As mind-boggling as additional dimensions may seem, research in the realm of quantum gravitational theories has found that several of these theories make some very strange predictions about behavior at incredibly small scales (along the lines of the Planck length). They’ve found that particles (and their fields) start to behave as if space was only one-dimensional.
How is this possible?
Down on the level of the Planck length, space-time becomes a frothing, roiling mess known as quantum foam, which we’ve mentioned before. Steven Carlip at the University of California says that this quantum foam may act similarly to space-time close to a singularity. Remember that, according to general relativity, the gravity near a singularity becomes so strong that it actually warps the fabric of space-time. Light is bent so sharply that it can take an infinitely long period of time for it to travel between two nearby points. Because of this, neighboring pieces of space-time become disconnected from each other, allowing them to expand or contract independently.
Carlip is suggesting that at those extremely tiny distances (like the Planck length), light gets bent just like it does near a singularity. Thus, tiny patches of space-time get disconnected, allowing space at different points to expand or contract faster in one dimension than in the others (which also accounts for the choppy surface of quantum foam). As a result, over these very short space-time distances, particle motion can become dominated by the single, grossly expanded dimension of that disconnected portion of space-time. However, if you watch long enough, the particle’s motion will switch between different singular dimensions (as it moves through those isolated chunks of space-time). This means that if you wait long enough or look at larger distance scales, space becomes effectively three-dimensional.
And how did scientists detect this oddity of particle motion?
Well, they were studying the spectral dimension, a parameter which describes how particles or fields gradually move away from a given point (kind of like diffusion). But, to their surprise, they found that this motion happened much more quickly on the level of the Planck length. This speed can be explained if the particles are moving in just one spatial dimension, as the fewer dimensions available, the fewer directions a particle can move and the less time it will take to wander from its original position.
And while this discovery opens up a host of questions (including how quantum foam can focus light so strongly that nearby regions become disconnected from one another), what’s really interesting about all this is that this dimensional reduction pops up in multiple theories of quantum gravity. “Finding that very different approaches have something in common is exciting, as it suggests we may have stumbled upon an underlying property of quantum gravity,” says Leonardo Modesto of the Perimeter Institute for Theoretical Physics in Waterloo, Canada.

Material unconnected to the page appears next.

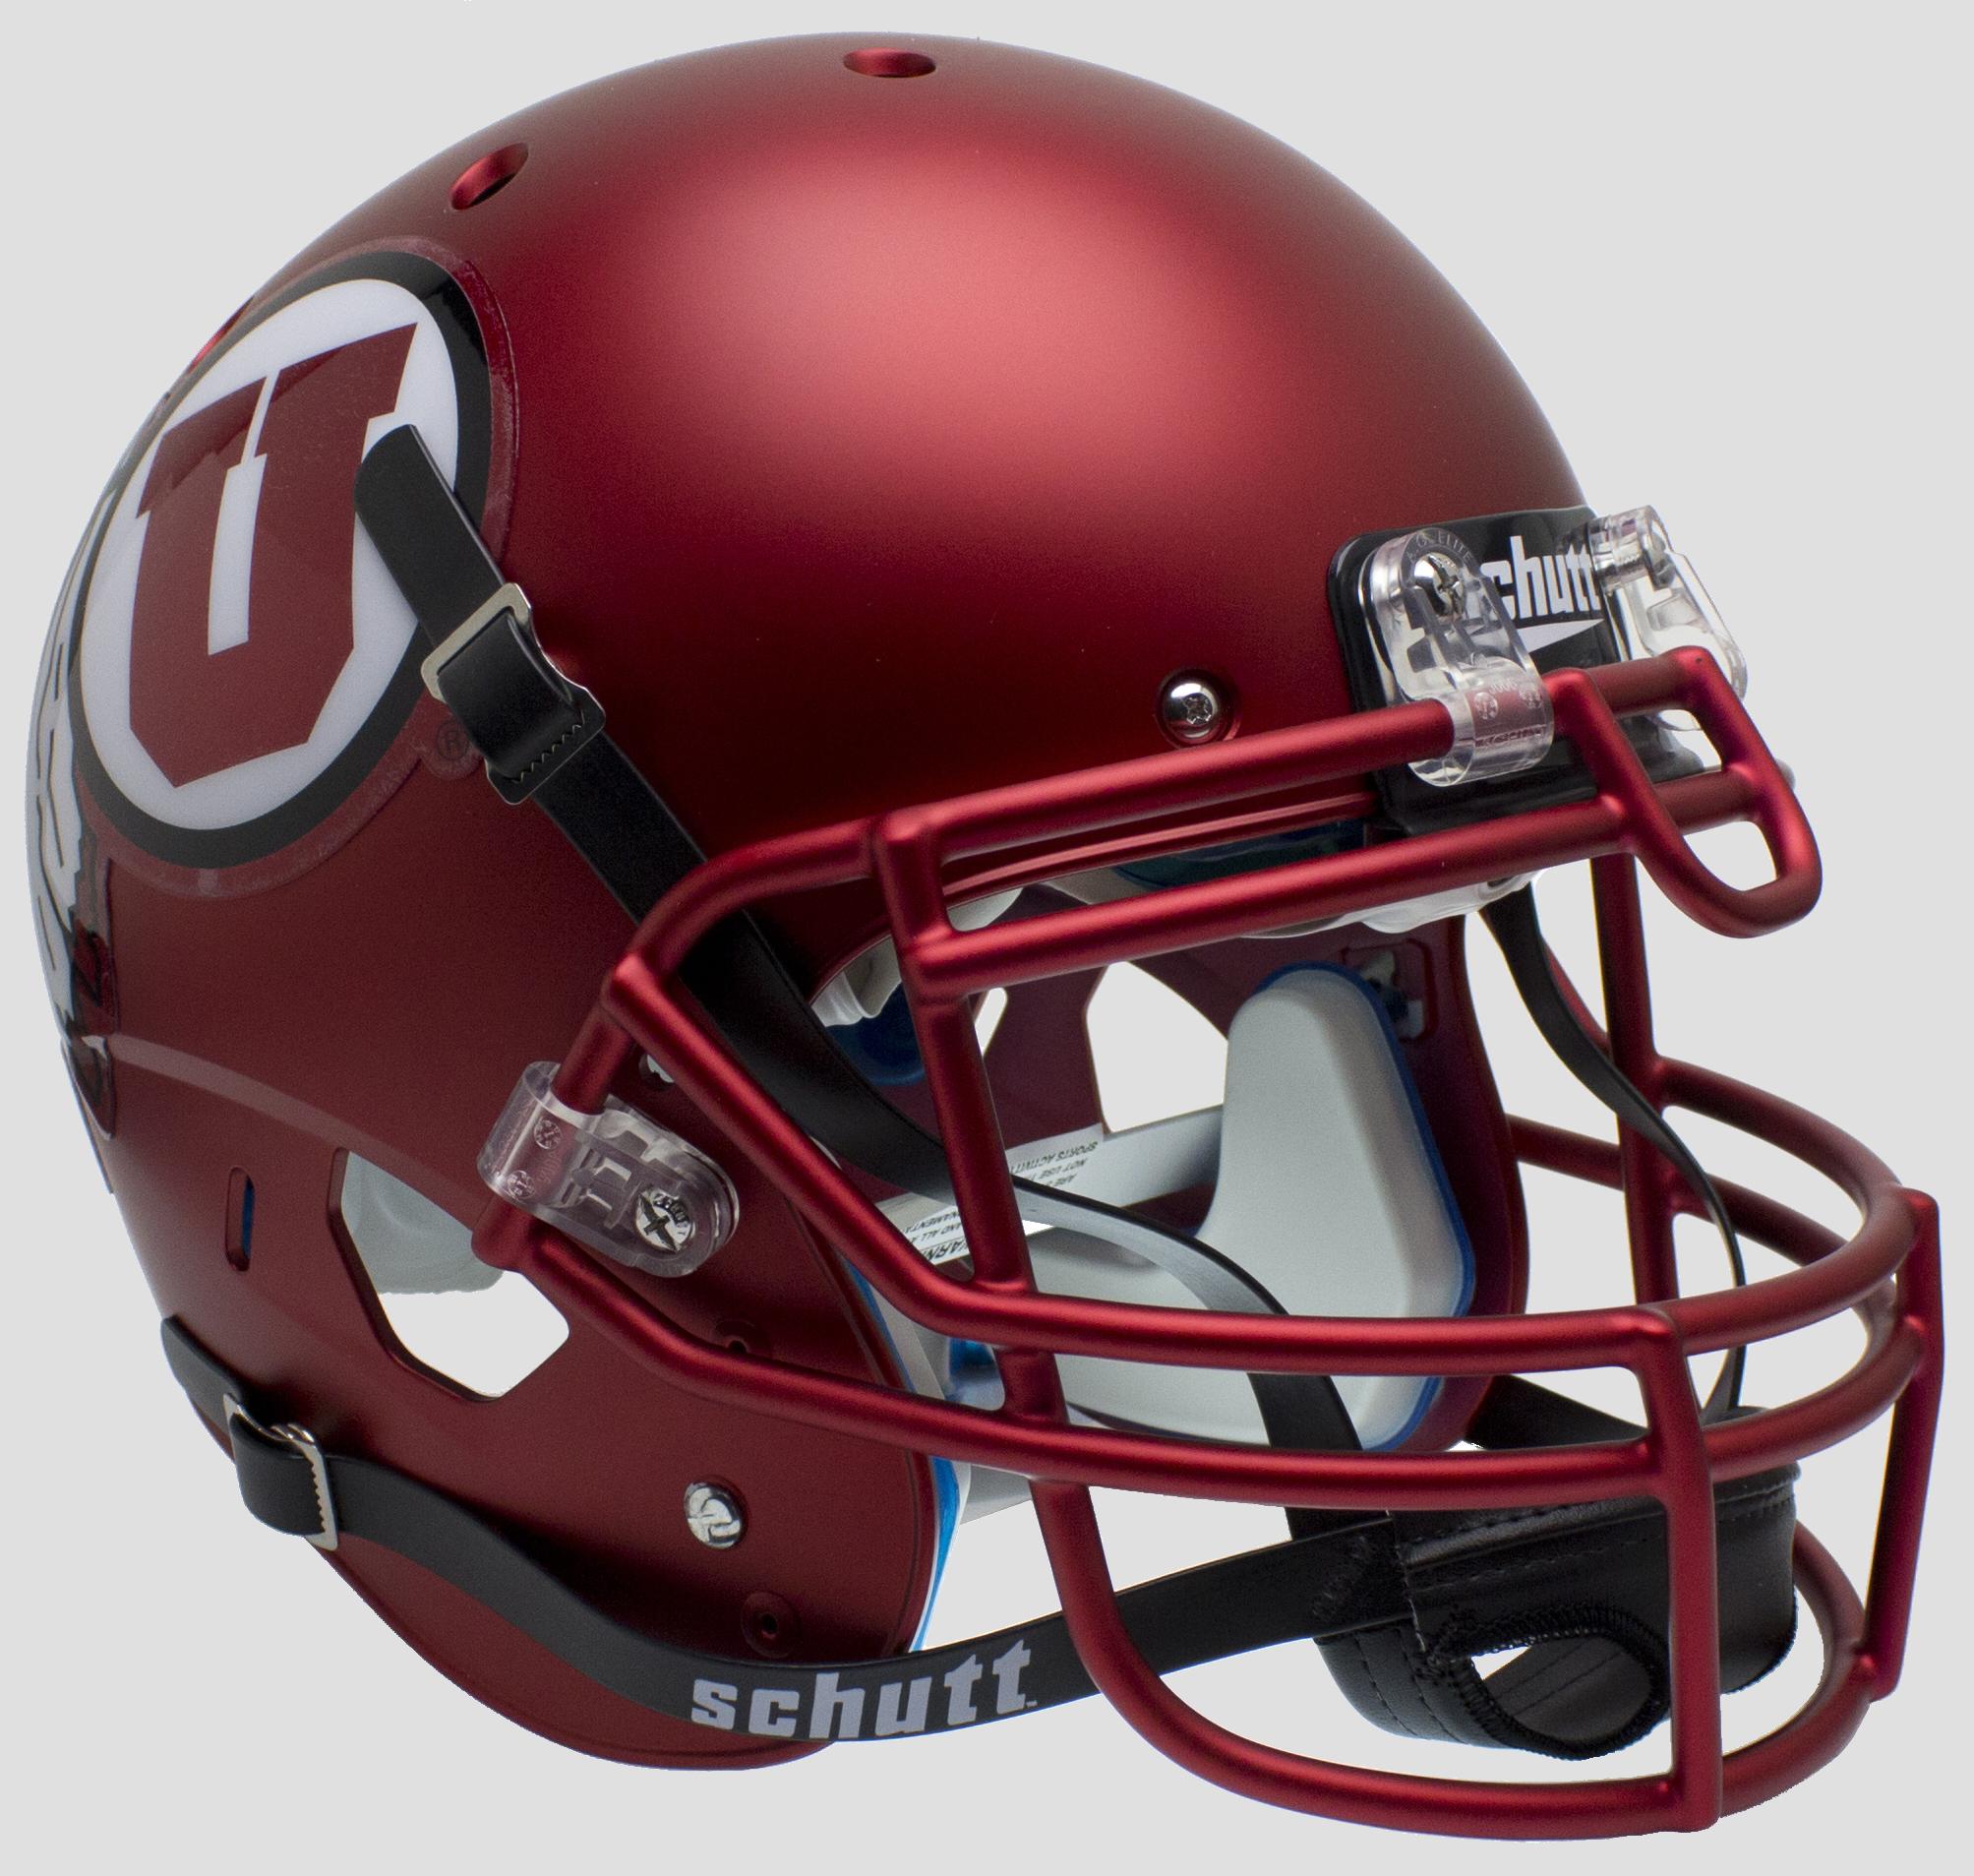 Utah Utes Authentic College XP Football Helmet Schutt <B>Satin Red<B>

All this talk of dimensional movement reminds me of an Anaïs Nin quote:
“We do not grow absolutely, chronologically. We grow sometimes in one dimension, and not in another; unevenly. We grow partially. We are relative. We are mature in one realm, childish in another. The past, present, and future mingle and pull us backward, forward, or fix us in the present. We are made up of layers, cells, constellations.”

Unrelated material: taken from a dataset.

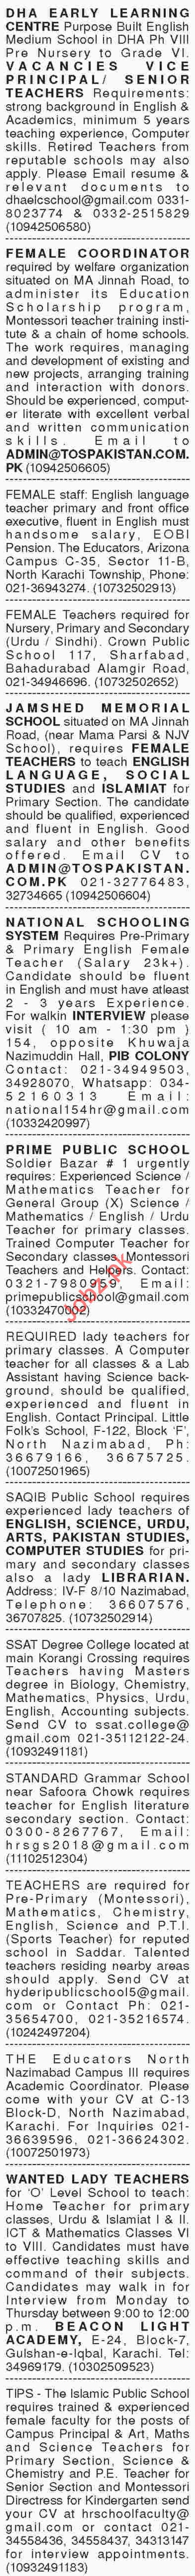 Dawn Sunday Newspaper Classified Teaching Jobs 2018

That really doesn’t have much to do with what we’re discussing, but I’ve always thought it was a rather lovely quote.
We’ll wrap up today’s post with a short (but tantalizing) bit from NASA.
I don’t know if you are familiar with the Pioneer anomaly, galleons. It refers to two NASA space probes (Pioneer 10 and 11) that have been drifting slightly off-course (toward the sun) for nearly 40 years in a way that defies our knowledge of gravity.

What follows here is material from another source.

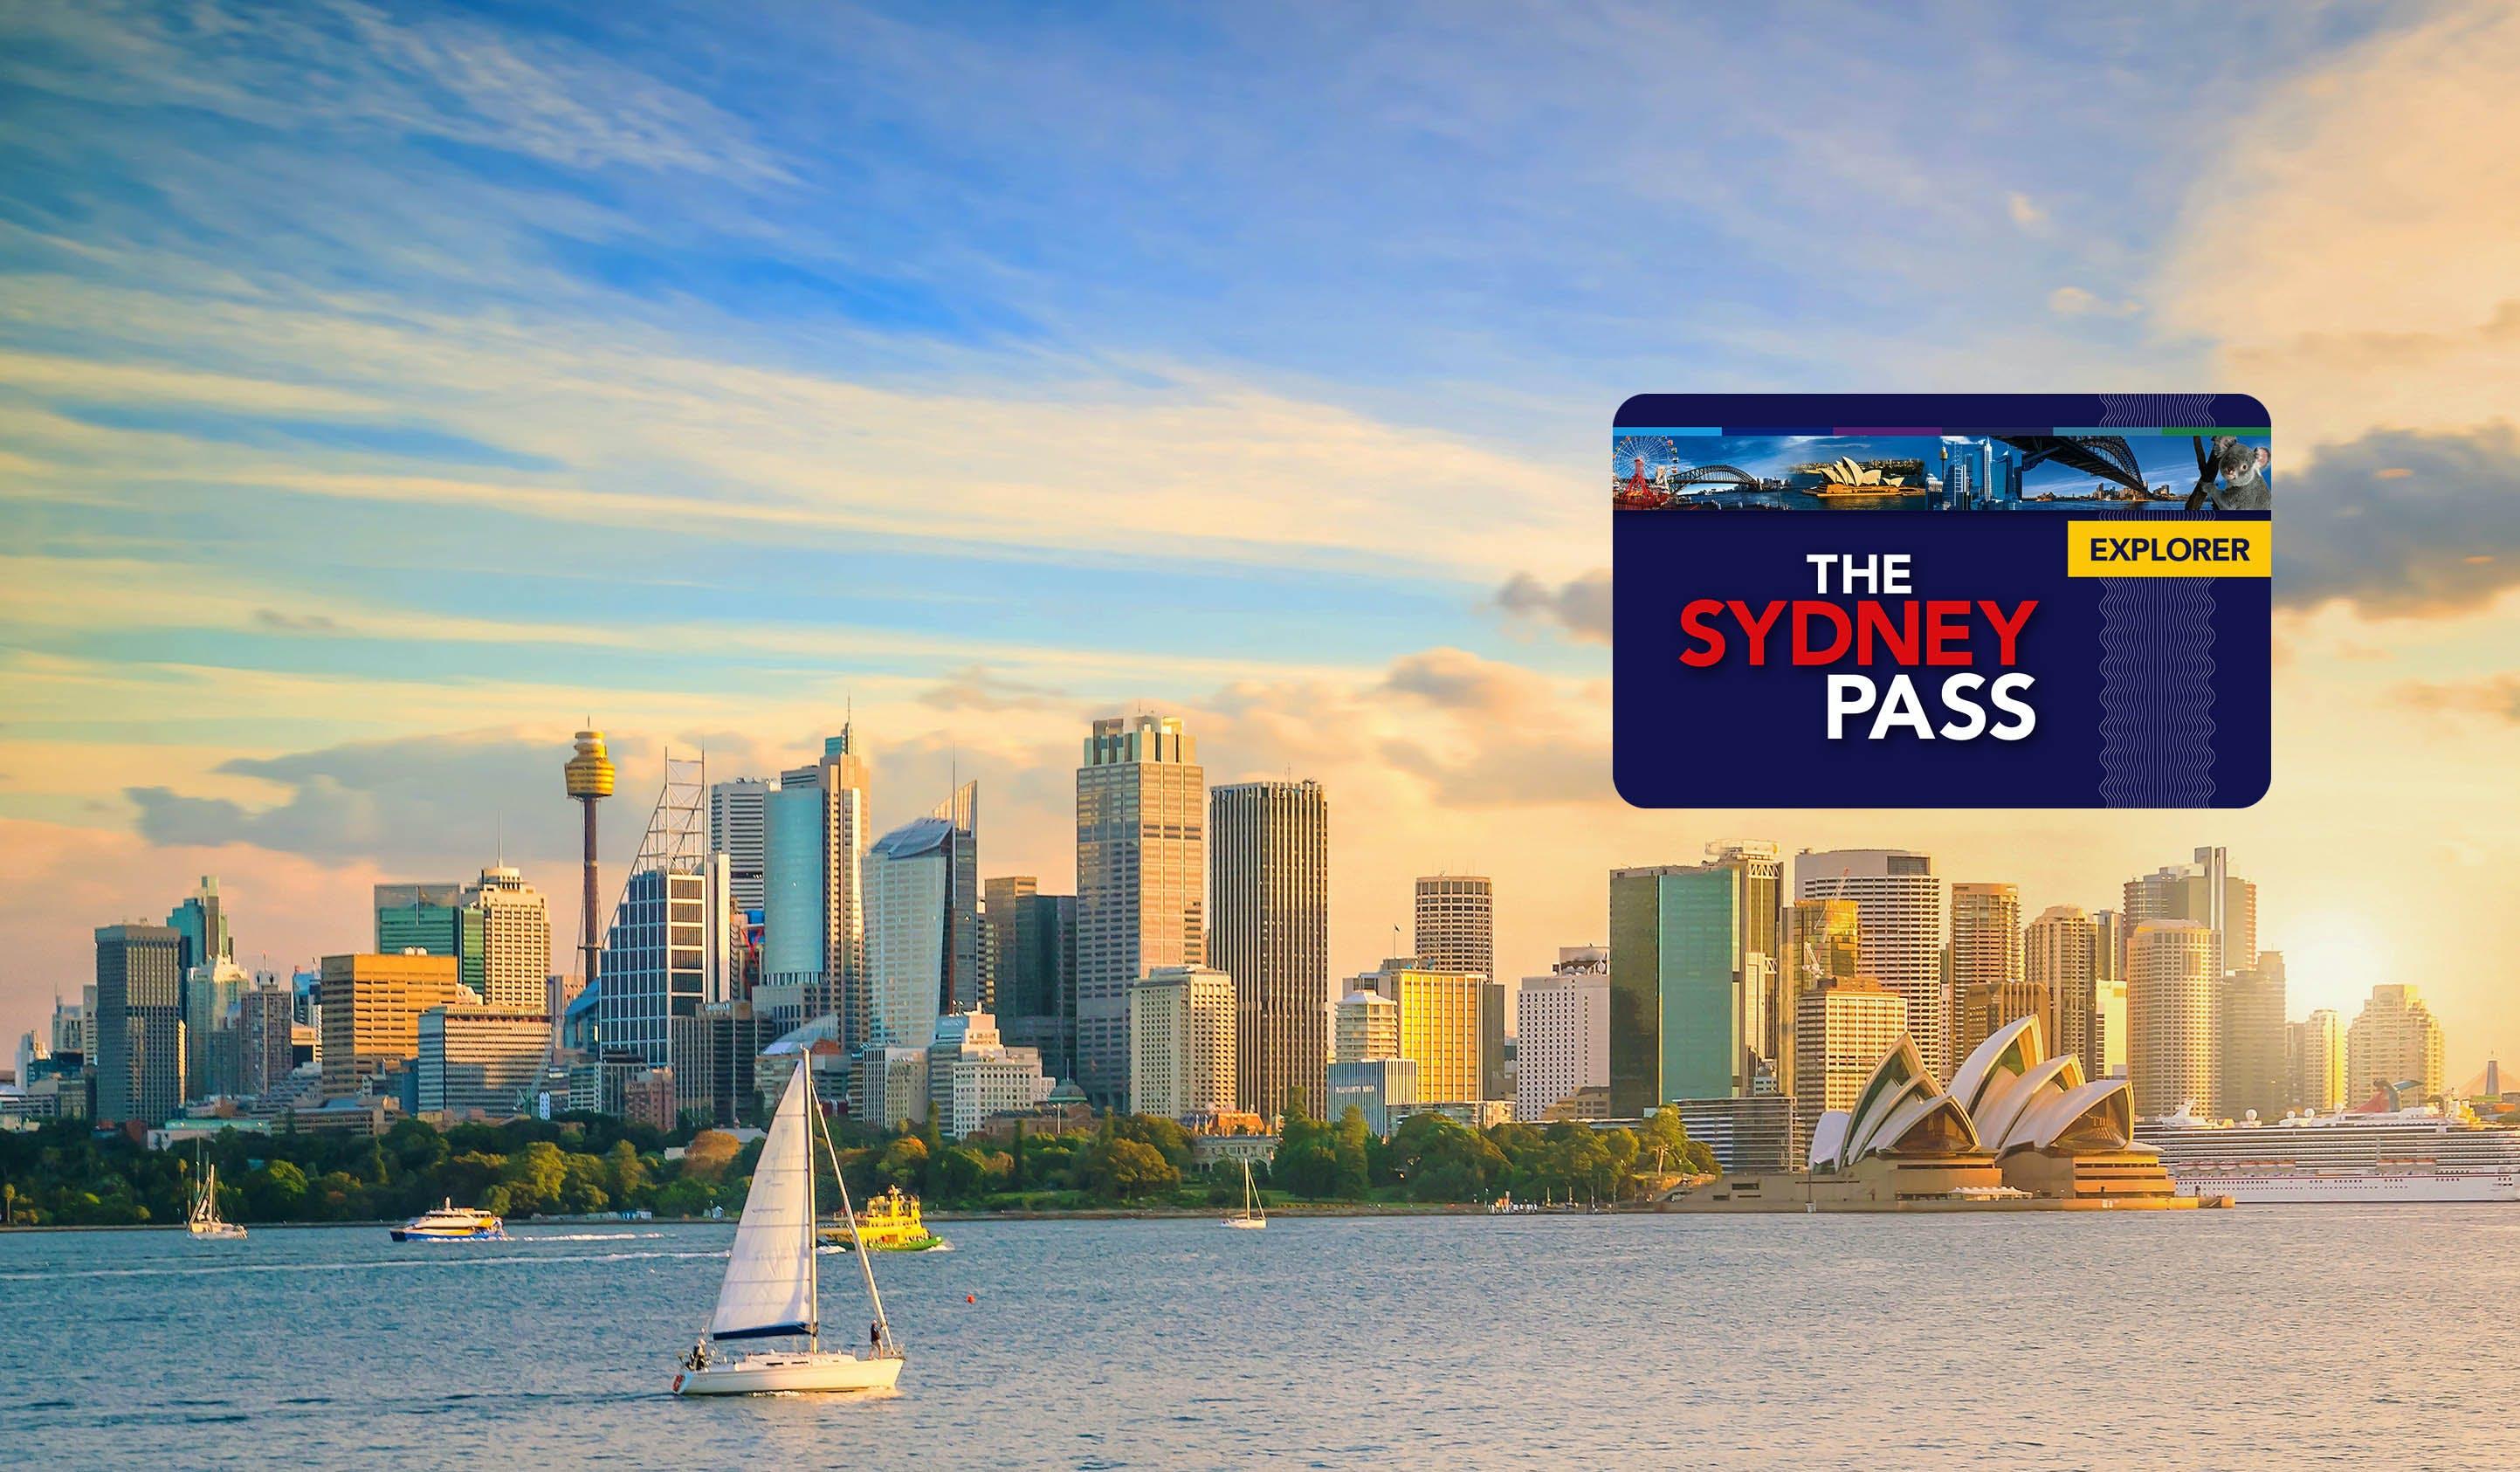 Sydney Explorer Pass

Scientists have eliminated all possible causes- gravity, radiation, equipment problems- and have concluded that, bizarre though it may seem, the craft are being affected by a previously unknown force that’s about 10 billion times weaker than the gravitational force.
That’s right- a brand new fundamental force. Number five.
As to what it is and why we haven’t encountered it before, answers are slow in coming. It appears, though, that we’re about to witness a slew of papers and experiments researching and attempting to verify/disprove this so-called new fundamental force.